In our series, "Accelerating Your Data Innovation Journey," we've delved into healthcare analytics, fostering startup-like teams with an entrepreneurial spirit, and creating an enterprise MAP (Maturity Acceleration Plan) to guide your journey and showcase value. Now, we'll explore the data, analytics and AI platform (analytics platform for short) – the driving force behind innovation within our operating model and community.

As mentioned in our first post in this series, “Accelerating Your Data Innovation Journey in the Healthcare Industry,” organizations and operating models are often constrained or liberated by the technology architecture that supports them. These days, organizations often have an enterprise data warehouse (EDW) and a variety of additional data environments that have sprung up over the years. Over time, these environments can grow complex, scattered, and outdated, resulting in higher maintenance costs and a requirement for scaling assistance to align with the enterprise's strategic and operational goals.

What does your analytics platform consist of today? Take stock of all you have – creating a visual can be helpful. As described above, departmental solutions can be costly and prohibitive to scale to an enterprise solution. Seek out these solutions first and understand what they exist to accomplish.
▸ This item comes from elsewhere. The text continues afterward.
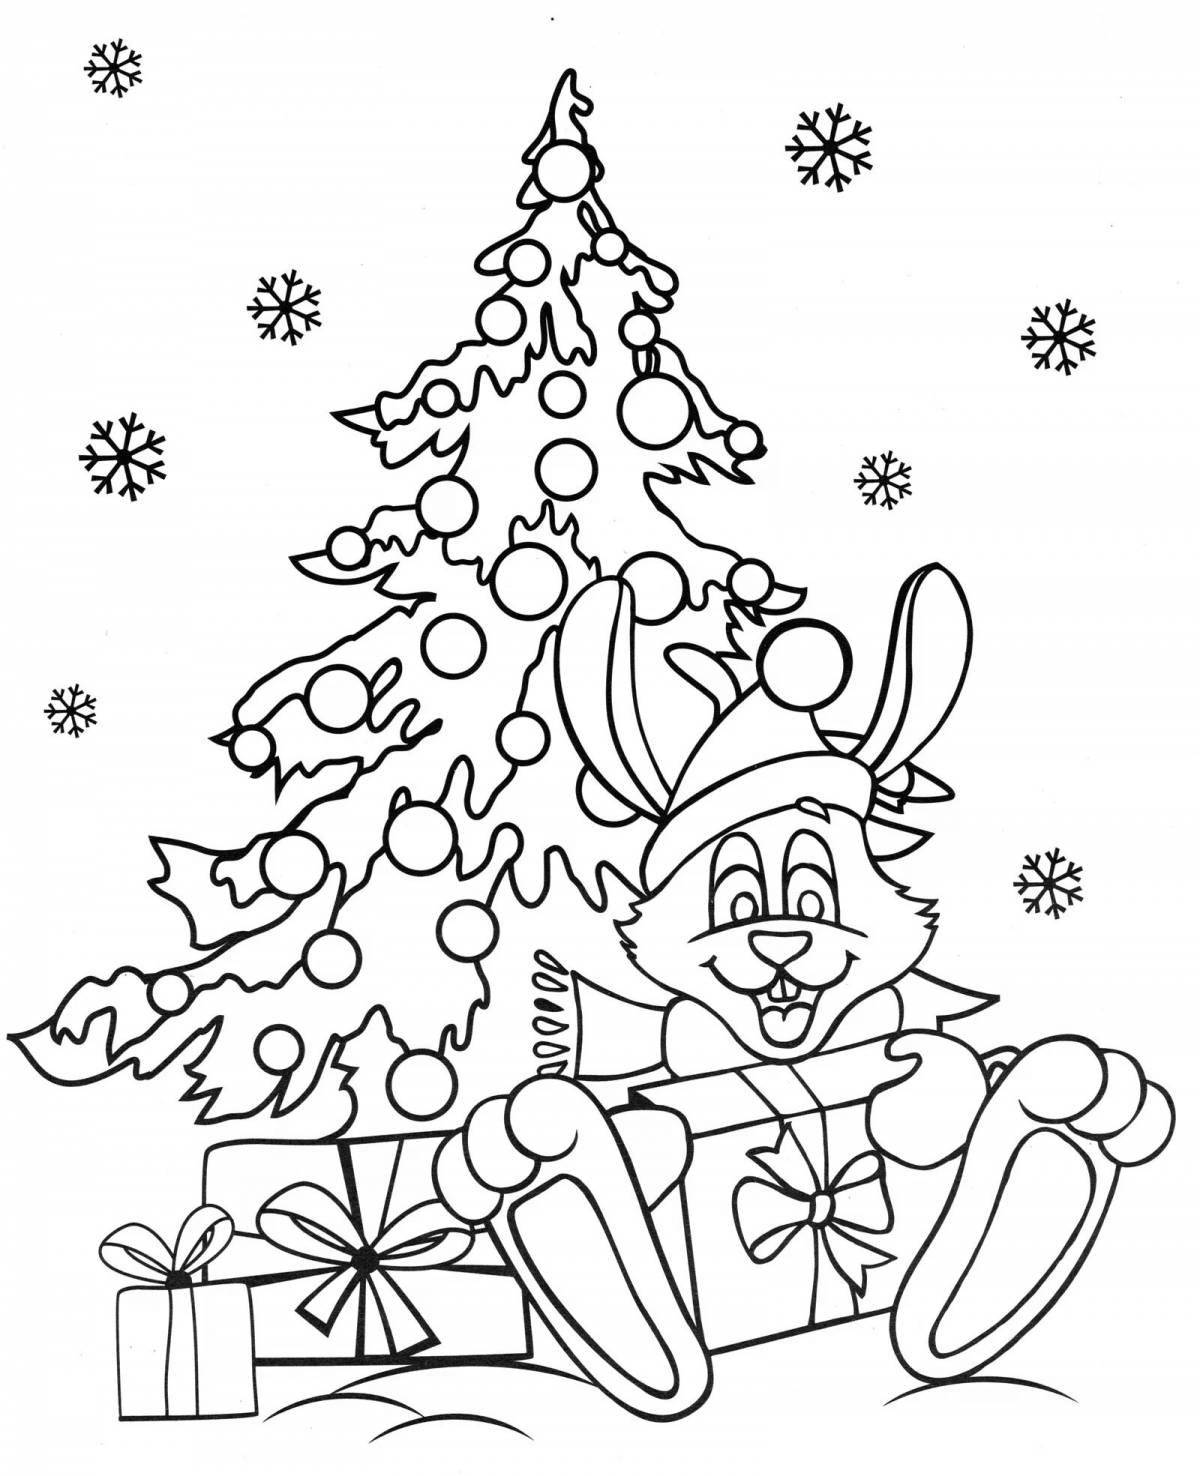 Magic santa claus and bunny coloring book

There are likely opportunities to decrease redundancy, establish a single version of truth, centralize for broader enterprise access instead of confined departmental access, and integrate for more profound exploration, advanced analytics, and automation. The goal is to “evolve to a resilient, scalable, and extensible data and analytics platform that looks like it was built by a single team — one that doesn’t look like a ‘Frankenstein’” (see “Operating Like a Startup”).

The Enterprise Data Lakehouse

An enterprise-level analytics platform goes beyond the typical database. The data warehouse concept has existed since the late 1980s and became a fundamental analytics component in the 1990s. Large volumes of structured data can be stored, organized, and optimized in a data warehouse with data marts to support analytics. This reference architecture was introduced and popularized by the book Corporate Information Factory by Bill Inmon and Ryan Sousa.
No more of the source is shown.